Chapter 18 Count Models
In these notes, we will discuss several types of count models
- Ordered Probit/Logit
- Poisson Model
- Negative Binomial
- Hurdle Model
- Zero Inflated Poisson Model
18.1 Oridinal Categorical Variables
Suppose your dependent is categorical in nature and these categories show an ordinal proper (i.e. you can order them)
Examples: Surveys including Likert Scales (strongly agree, agree, neither, disagree, strongly disagree)
Medalling in the olympics (Gold, Silver, Bronze)
Soda size preference (small, medium, large, extra large)
18.2 Ordered Probit/Logit
In these cases of ordinal categorical variables, we use an ordered probit/logit model.
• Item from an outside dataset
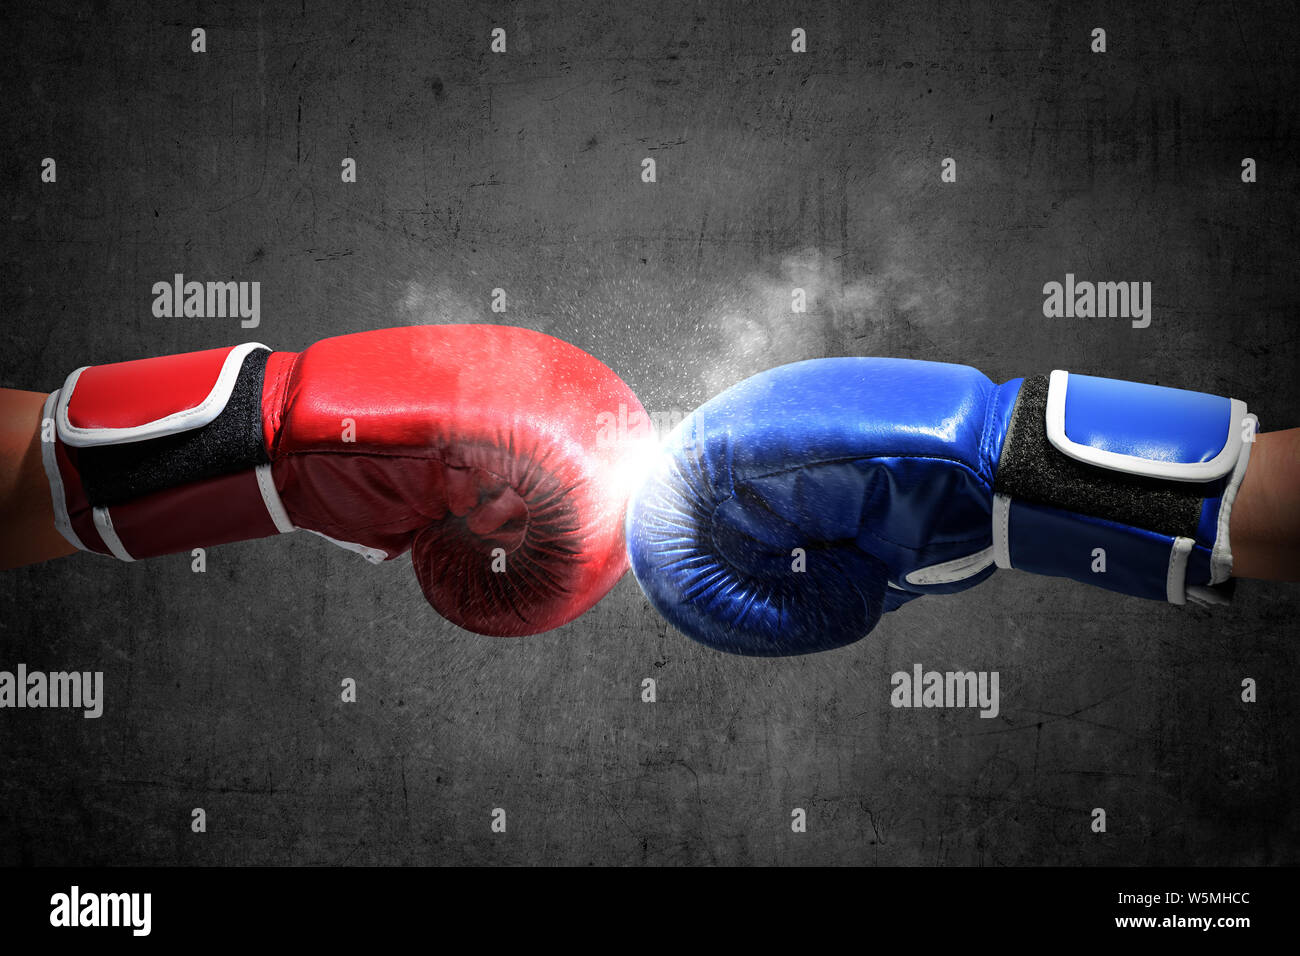 Los guantes de boxeo rojos golpean una pera los guantes de boxeo golpean  una pared con un fondo negro
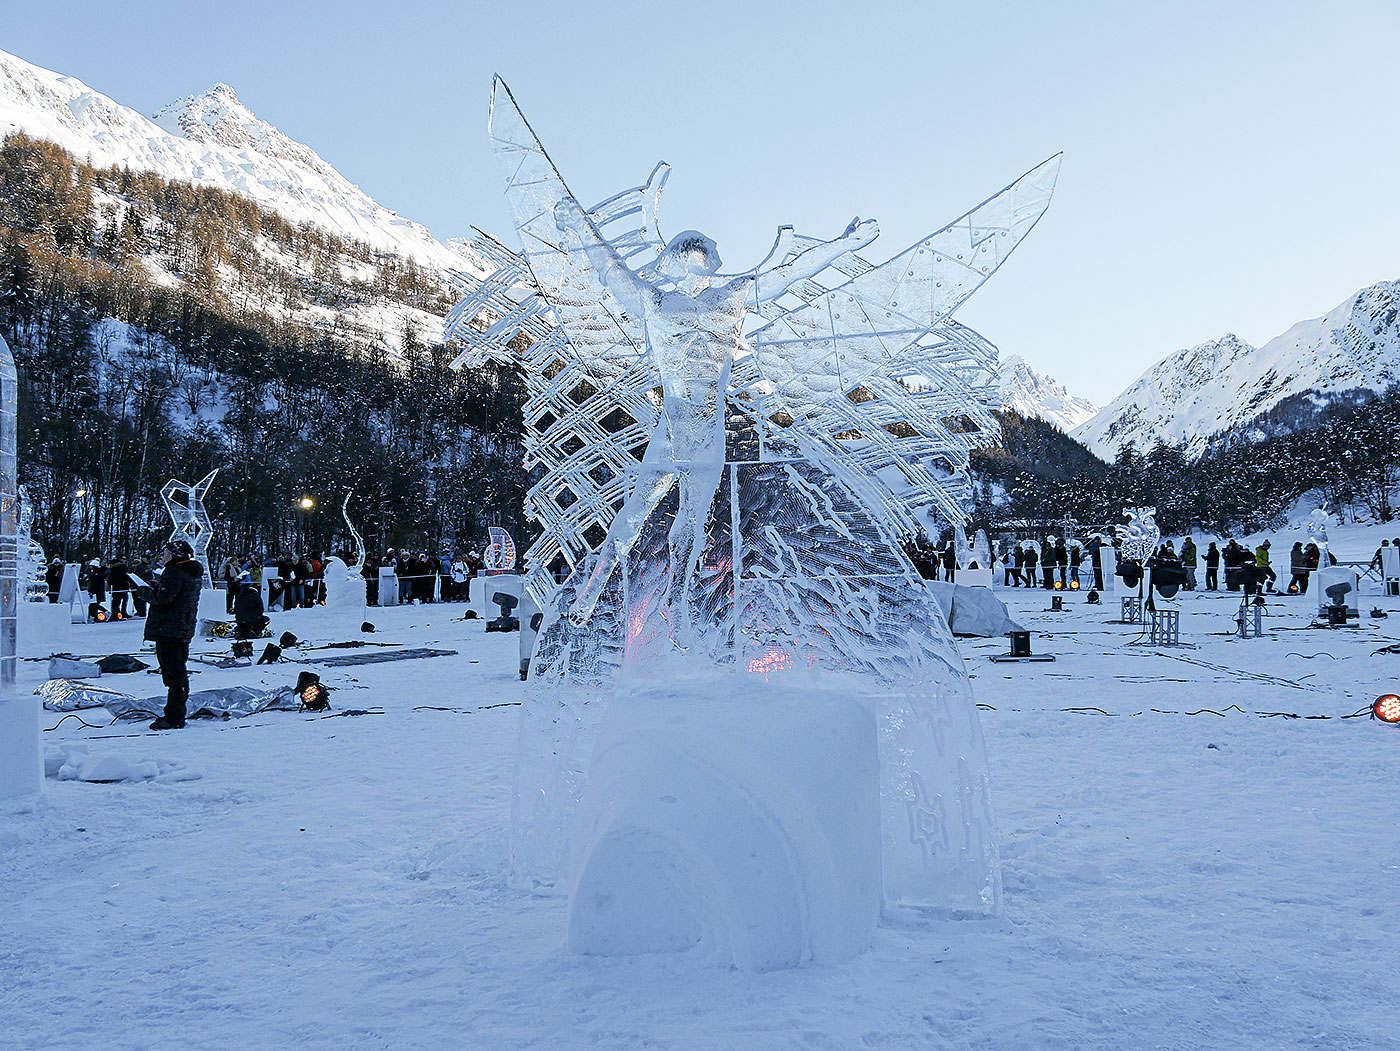 « Born to Soar » de Molokov Andrey, troisième prix du concours de sculptures sur glace de Valloire

Notice, these responses, while they can be ordered, the distance between levels is not constant.
That is, we do not know what increase is necessary to move someone from strongly disagree to just disagree.
18.2.1 Ordered Probit/Logit Math
The math of the ordered probit/logit is very similar to a simple binary model
There is just one difference, we need to estimate level parameters.
The math to the ordered probit/logit is very similar to a simple binary model
There is just one difference, we need to estimate level parameters.
Consider three observed outcomes: y = 0,1,2. Consider the latent variable model without a constant: \[y^{*} = \beta_1 x_1 +...+\beta_k x_k +\epsilon\] where \(\epsilon \rightarrow N(0,1)\). Define two cut-off points: \(\alpha_1 < \alpha_2\) We do not observe \(y^{*}\), but we do observe choices according to the following rule
- y = 0 if \(y^{*} < \alpha_1\);
- y = 1 if \(\alpha_1 < y^{*} < \alpha_2\);
- y = 2 if \(\alpha_2 < y^{*}\)
18.2.2 Analytical Example
y = 0 if inactive, y = 1 if part-time, and y = 2 if full-time
\(y* = \beta_e educ +\beta_k kids +\epsilon\), where \(\epsilon \rightarrow N (0,1)\)
Then y = 0 if \(\beta_e educ +\beta_k kids +\epsilon\) < \(\alpha_1\)
y = 1 if \(\alpha_1 < \beta_e educ +\beta_k kids +\epsilon\) < \(\alpha_2\)
y = 2 if \(\alpha_2 < \beta_e educ +\beta_k kids +\epsilon\)
We could alternatively introduce a constant \(\beta_0\) and assume that \(\alpha_1\) = 0.
18.2.3 Log Likelihood Function
\[Log \, L=\sum_{i=1}^{n} \sum_j Z_{ij}[F_{ij}-F_{ij-1}]\]
where \(F_{ij}=F(\alpha_j-\beta_e educ -\beta_k kids)\) and \(Z_{ij}\) is an indicator that equals 1 if person i select option j and zero otherwise.
We choose the values of \(\alpha\) and \(\beta\) that maximize the value of the log likelihood function.
However, in the case of models such as ordered probit and ordered logit failure to account for heteroskedasticity can lead to biased parameter estimates in addition to misspecified standard errors
18.2.4 Ordered Logit in R
A study looks at factors that influence the decision of whether to apply to graduate school.
College juniors are asked if they are unlikely, somewhat likely, or very likely to apply to graduate school.
Hence, our outcome variable has three categories.
Data on parental educational status, whether the undergraduate institution is public or private, and current GPA is also collected.
18.2.5 Example: Data
## apply pared public gpa
## 1 very likely 0 0 3.26
## 2 somewhat likely 1 0 3.21
## 3 unlikely 1 1 3.94
## 4 somewhat likely 0 0 2.81
## 5 somewhat likely 0 0 2.53
## 6 unlikely 0 1 2.59
## one at a time, table apply, pared, and public
lapply(dat[, c("apply", "pared", "public")], table)
## $apply
##
## unlikely somewhat likely very likely
## 220 140 40
##
## $pared
##
## 0 1
## 337 63
##
## $public
##
## 0 1
## 343 57
library(MASS)
m <- polr(apply ~ pared + public + gpa, data = dat, Hess=TRUE)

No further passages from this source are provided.